Available data>
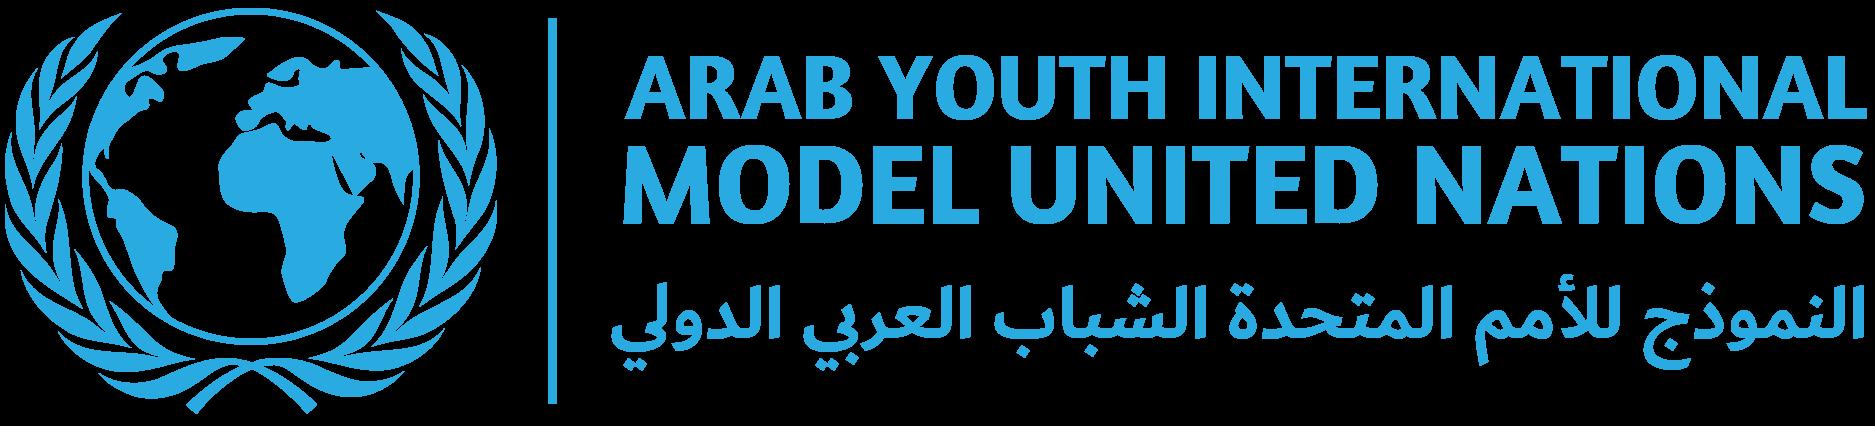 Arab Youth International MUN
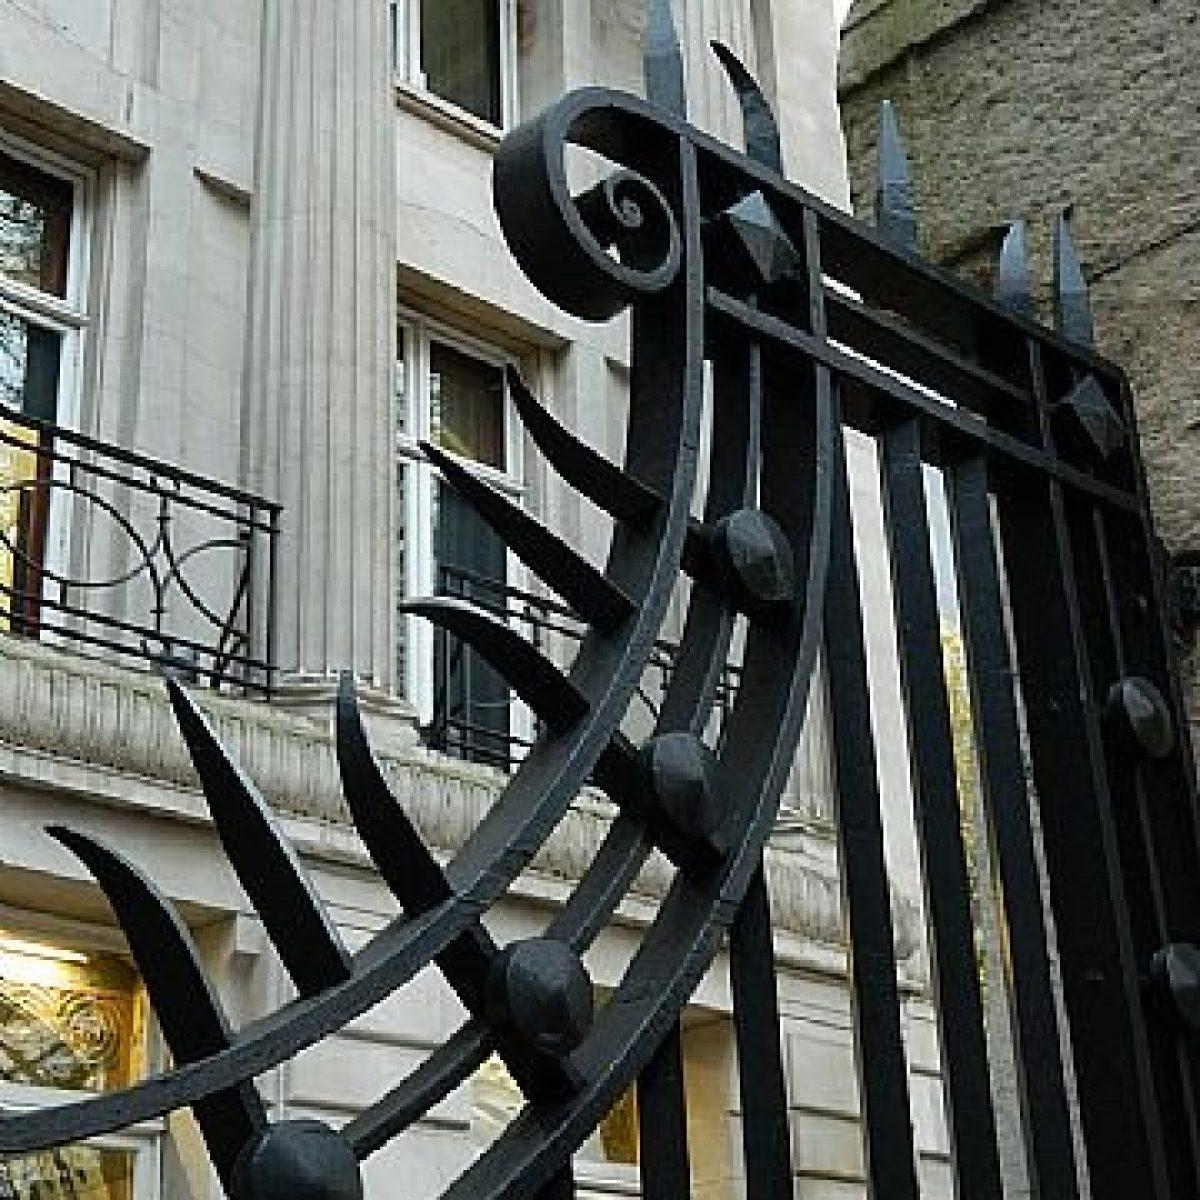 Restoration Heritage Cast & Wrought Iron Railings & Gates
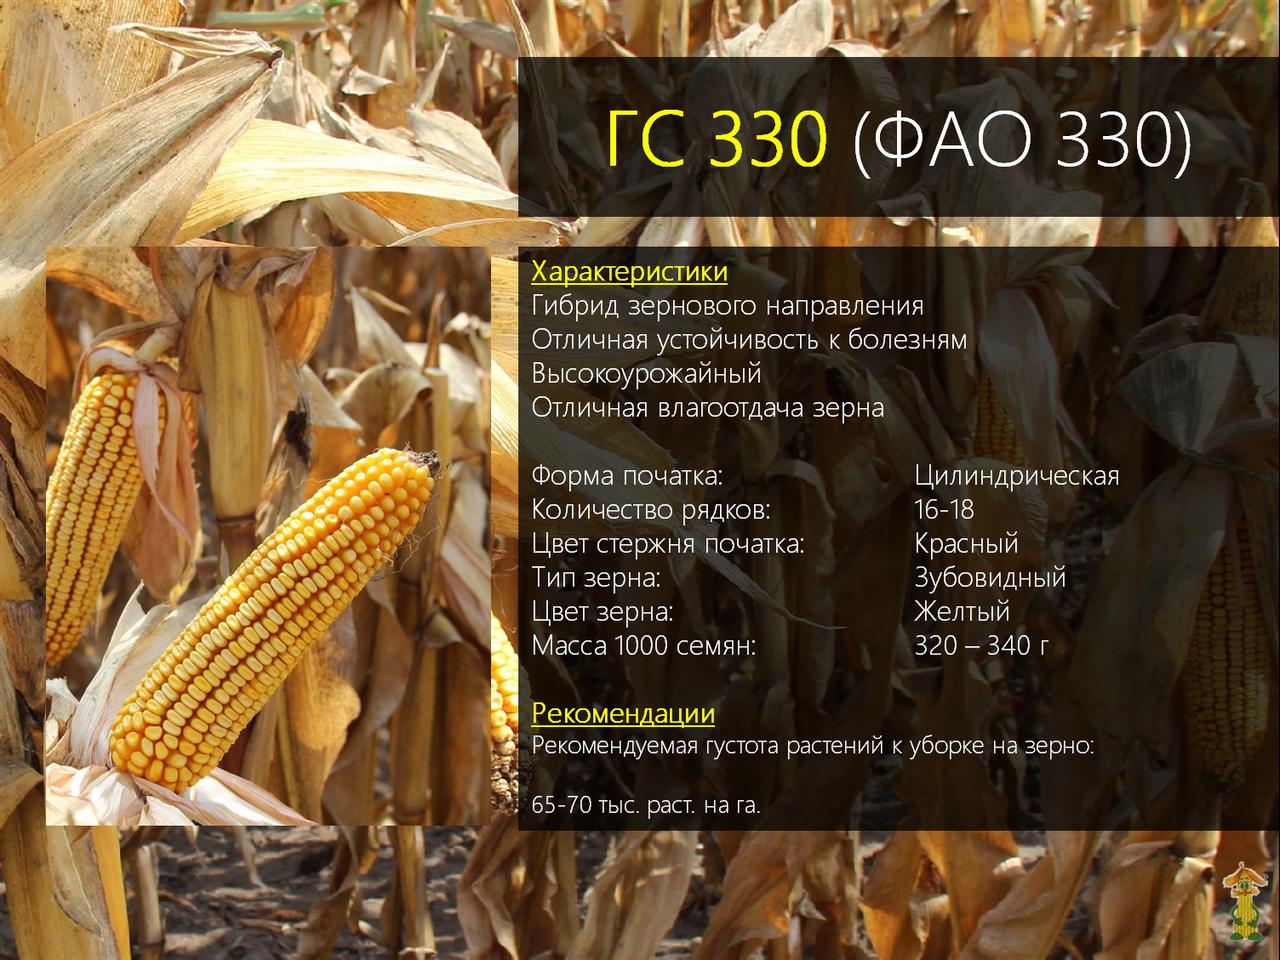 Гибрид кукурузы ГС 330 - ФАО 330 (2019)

Task objective> What you need to retype is every line from the one that has "Restoration Heritage Cast" through the last line of the listing, both included, with the pictures left out.

Output below>
 Restoration Heritage Cast & Wrought Iron Railings & Gates
 Гибрид кукурузы ГС 330 - ФАО 330 (2019)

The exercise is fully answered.